"Dinas Kesehatan (Dinkes) Provinsi Bengkulu mencatat tingginya kasus Human Immunodeficiency Virus (HIV) di wilayah tersebut disebabkan seks bebas yang dilakukan oleh kaum Lesbian, Gay, Biseksual, dan Transgender (LGBT) dengan kategori Laki-laki Sama Laki-laki (LSL)." Ini lead di berita "Peningkatan kasus HIV di Bengkulu disebabkan oleh perilaku seks bebas di komunitas LGBT" (bengkulu.antaranews.com, 17/9/2024).
Ada beberapa hal yang misleading (menyesatkan) di lead berita ini:
Pertama, seks pada lesbian bukan faktor risiko penularan HIV/AIDS karena tidak ada seks penetrasi.

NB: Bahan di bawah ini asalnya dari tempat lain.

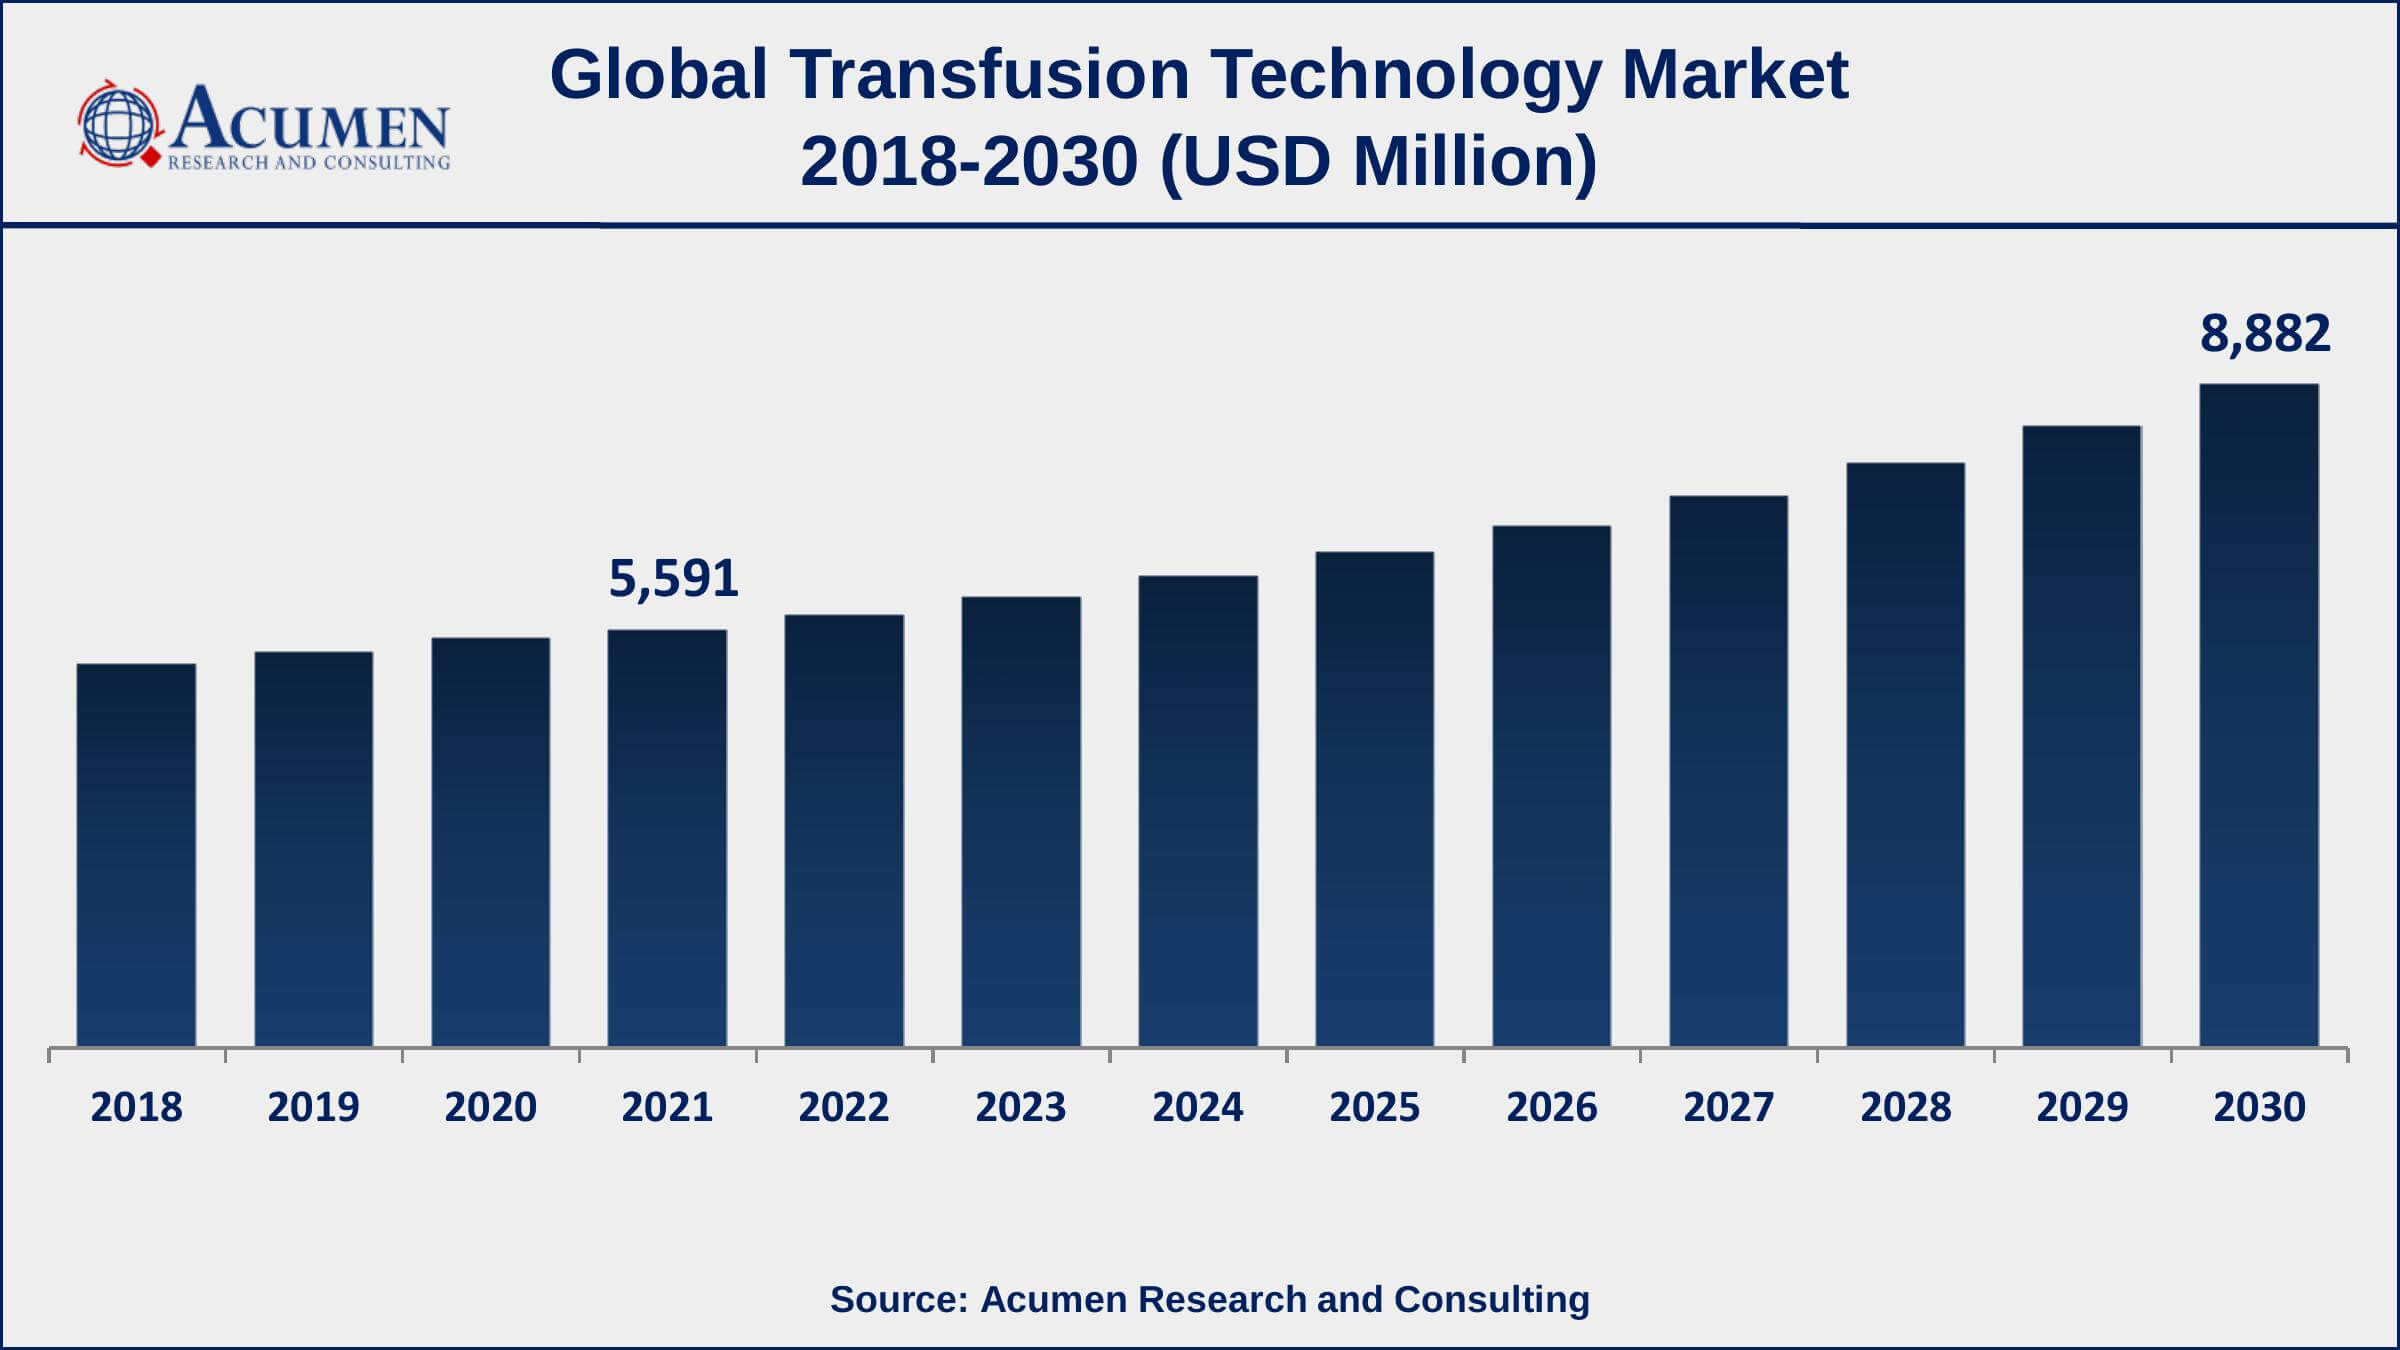 Asia-Pacific transfusion technology market growth will observe highest CAGR from 2022 to 2030

Belum ada laporan kasus penularan melalui seks pada lesbian.
Kedua, seks pada transgender, lebih dikenal sebagai Waria, yang terjadi adalah laki-laki heteroseksual, umumnya yang punya istri, yang justru melakukan seks anal dengan Waria bukan antar Waria di komunitas mereka.
Ketiga, disebutkan .... dengan kategori Laki-laki Sama Laki-laki (LSL) .... Ini 'kan gay yang juga tida kasat mata. Kasus pada gay terdeteksi karena penjangkauan oleh komunitas.
Sejatinya, Dinkes Bengkulu keluarkan data yaitu jumlah kasus pada LSL (gay), pada laki-laki heteroseksual dan pada ibu rumah tangga (IRT) agar bisa dilihat perbandingannya.
Dalam berita Kepala Bidang (Kabid) Program Pelayanan Pencegahan dan Pengendalian Penyakit (P2P), Dinkes Provinsi Bengkulu, Ruslian, mengatakan: "Yang terbanyak positif terjangkit virus HIV ini didominasi dari populasi LGBT dan (LSL) yaitu sebanyak 70 orang." Â
Secara empiris kasus itu ada di terminal terakhir yaitu pada 70 LSL. Kalaupun ada penyebaran hanya terjadi di komunitas LSL.
Secara epidemi 1 kasus HIV/AIDS pada gay atau LSL berhenti pada pengidapnya karena dia tidak punya pasangan tetap (istri), penyebaran hanya terjadi di komuitas mereka.